Senator Mike Rounds (R-SD) will introduce the Cyber Act of War Act of 2016 today, which will require the administration to adequately define what would constitute an act of war in cyberspace. In his piece in the Wall Street Journal, Senator Rounds writes, “America needs a clear and concise definition of when an attack in cyberspace constitutes an act of war.” You can read his full argument in the Journal here.
Parting Shot: The Washington Post’s Andrew Roth received a three-day press tour to travel with the Russian army in Syria. He went, despite a threat that it will be his last trip if he wrote poorly about Russia’s military, and shared his story of the 56 hours he spent with them. Check his piece out here.
ICYMI: This Weekend, on Lawfare
Alex McQuade shared The Week That Was, rounding up all of Lawfare’s content from last week.

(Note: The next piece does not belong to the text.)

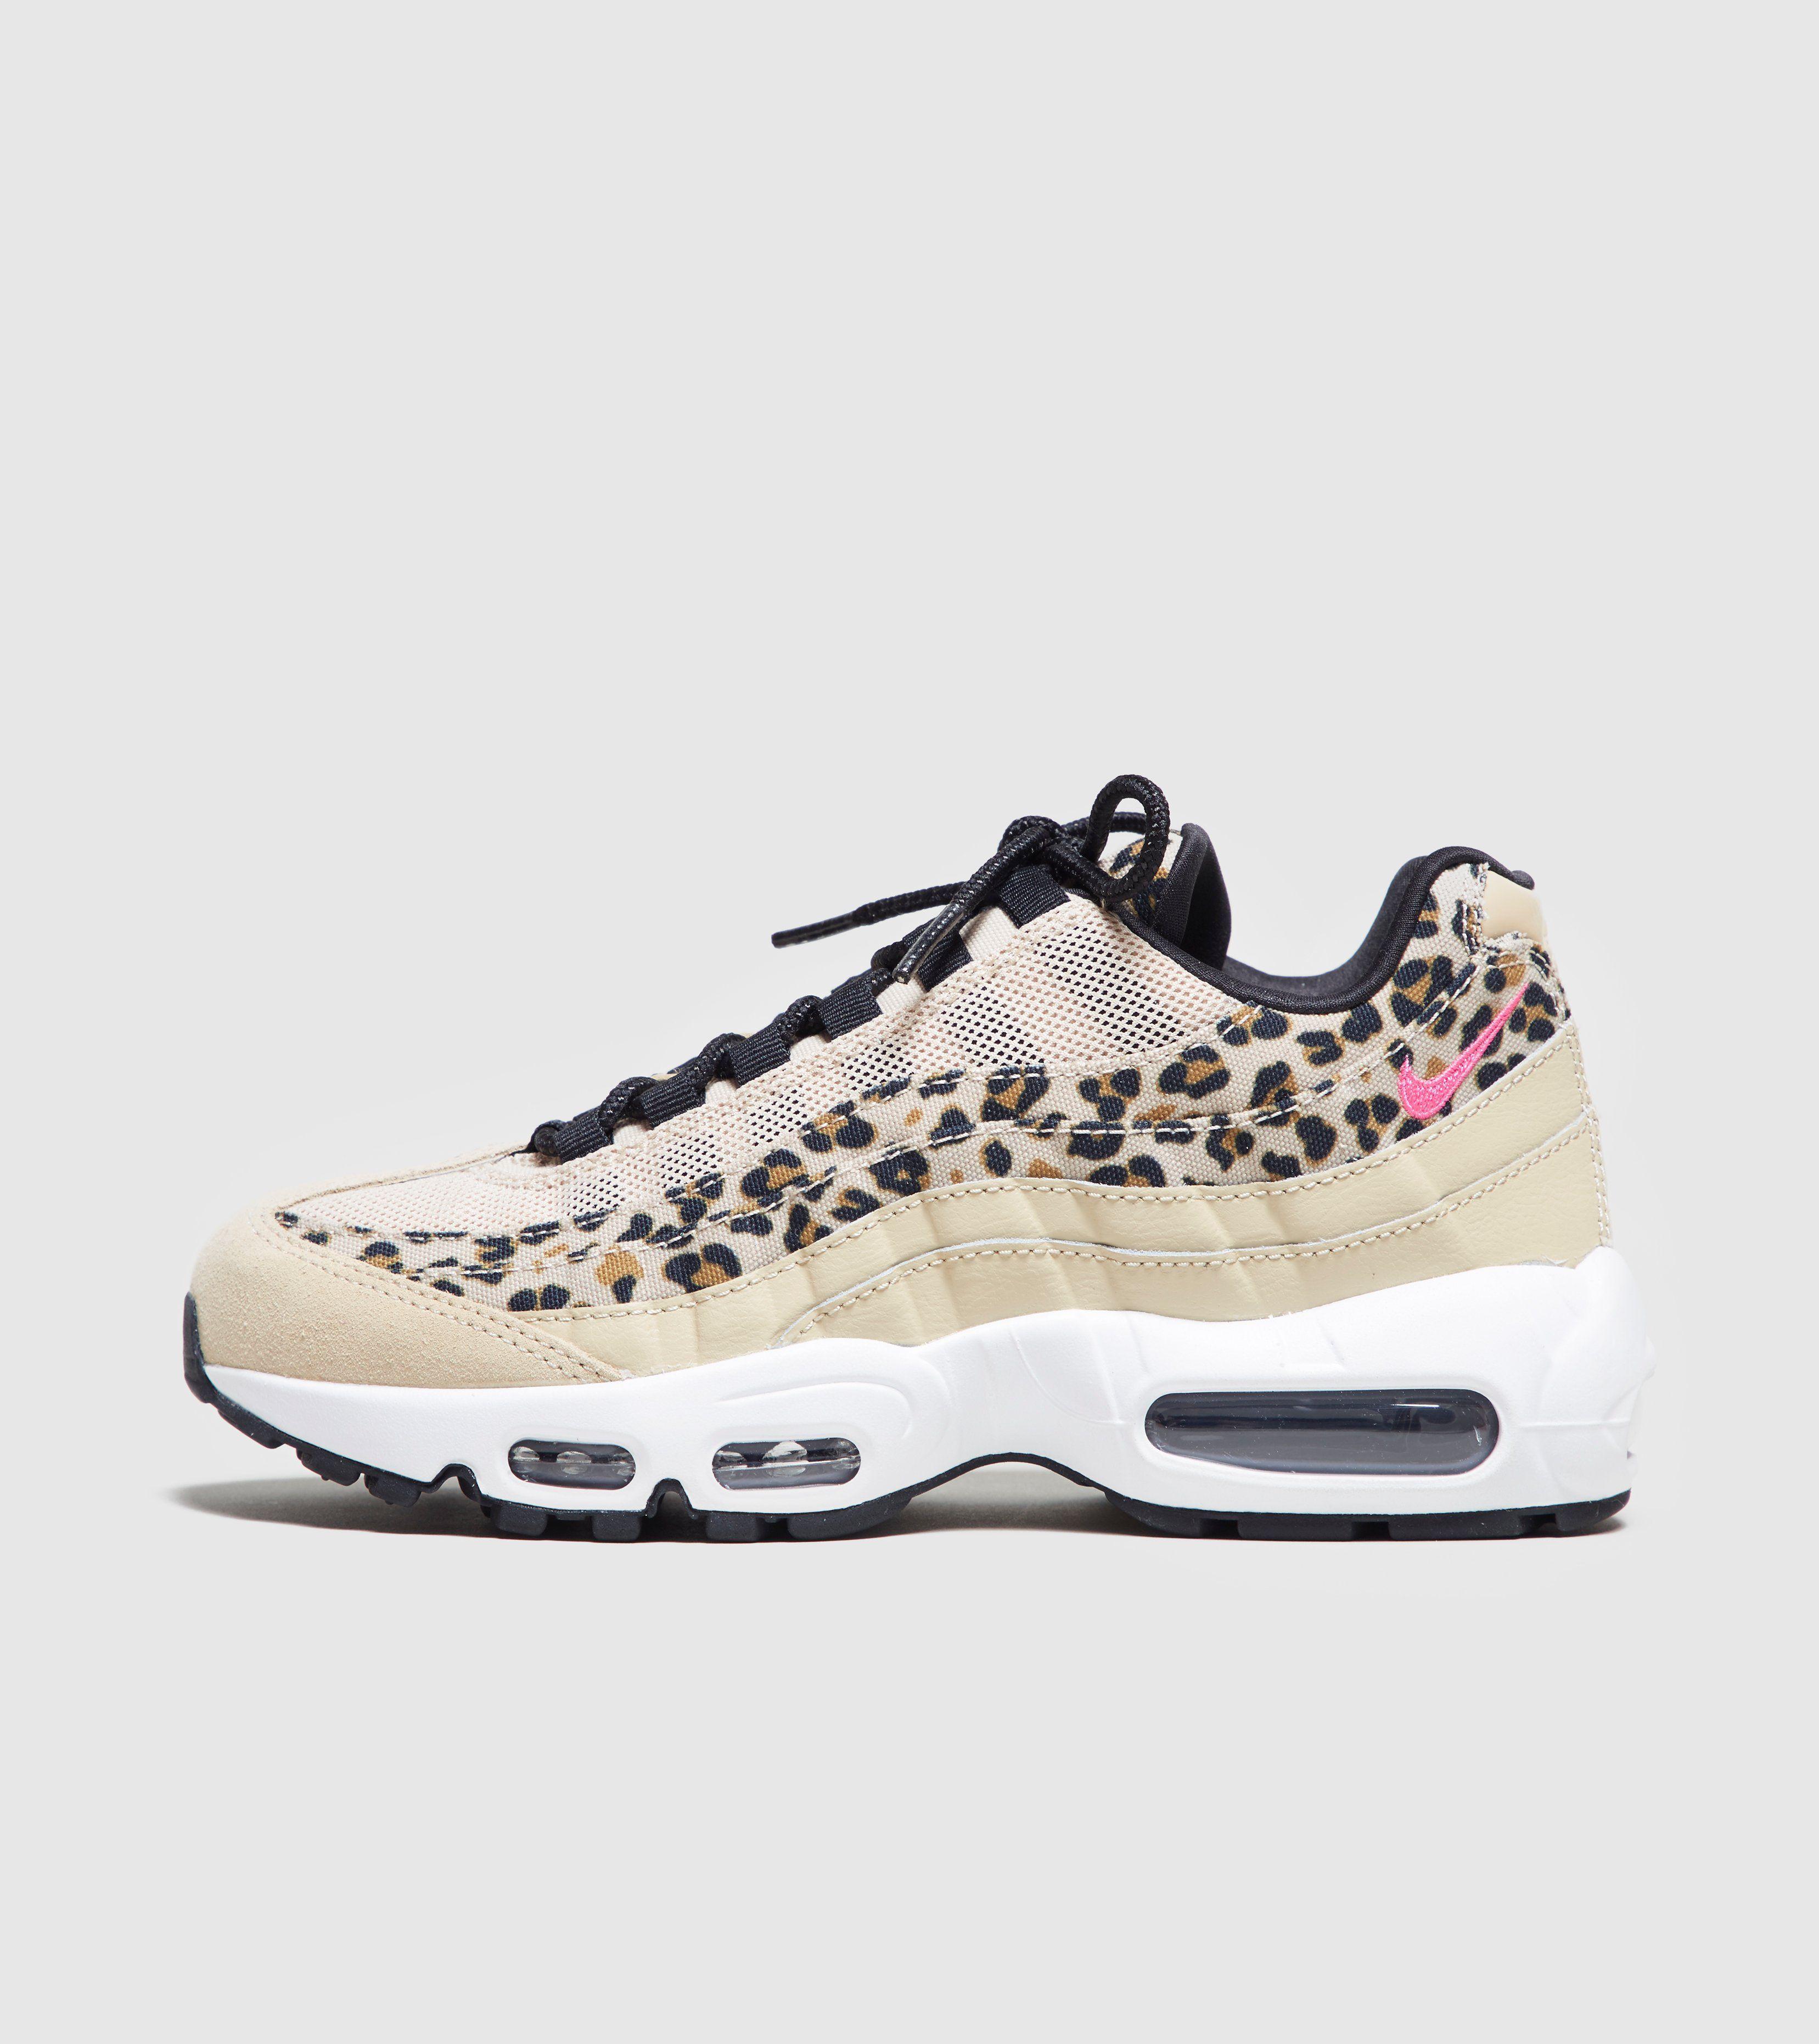 Nike Air Max 95 'Leopard Print' Women's

Cody Poplin released the latest Lawfare Podcast featuring Juliette Kayyem on her new book Security Mom.
John Bellinger commented on the proposed legislation to micromanage the National Security Council and indicated that it raises constitutional and political concerns.
Paul Rosenzweig told us that the Intelligence Community thinks Harvard is wrong about encryption.
In Sunday’s Foreign Policy Essay, Carol Saivetz analyzed Russia’s pullout from Syria and pointed out that Moscow is more involved in Syria than it likes to admit.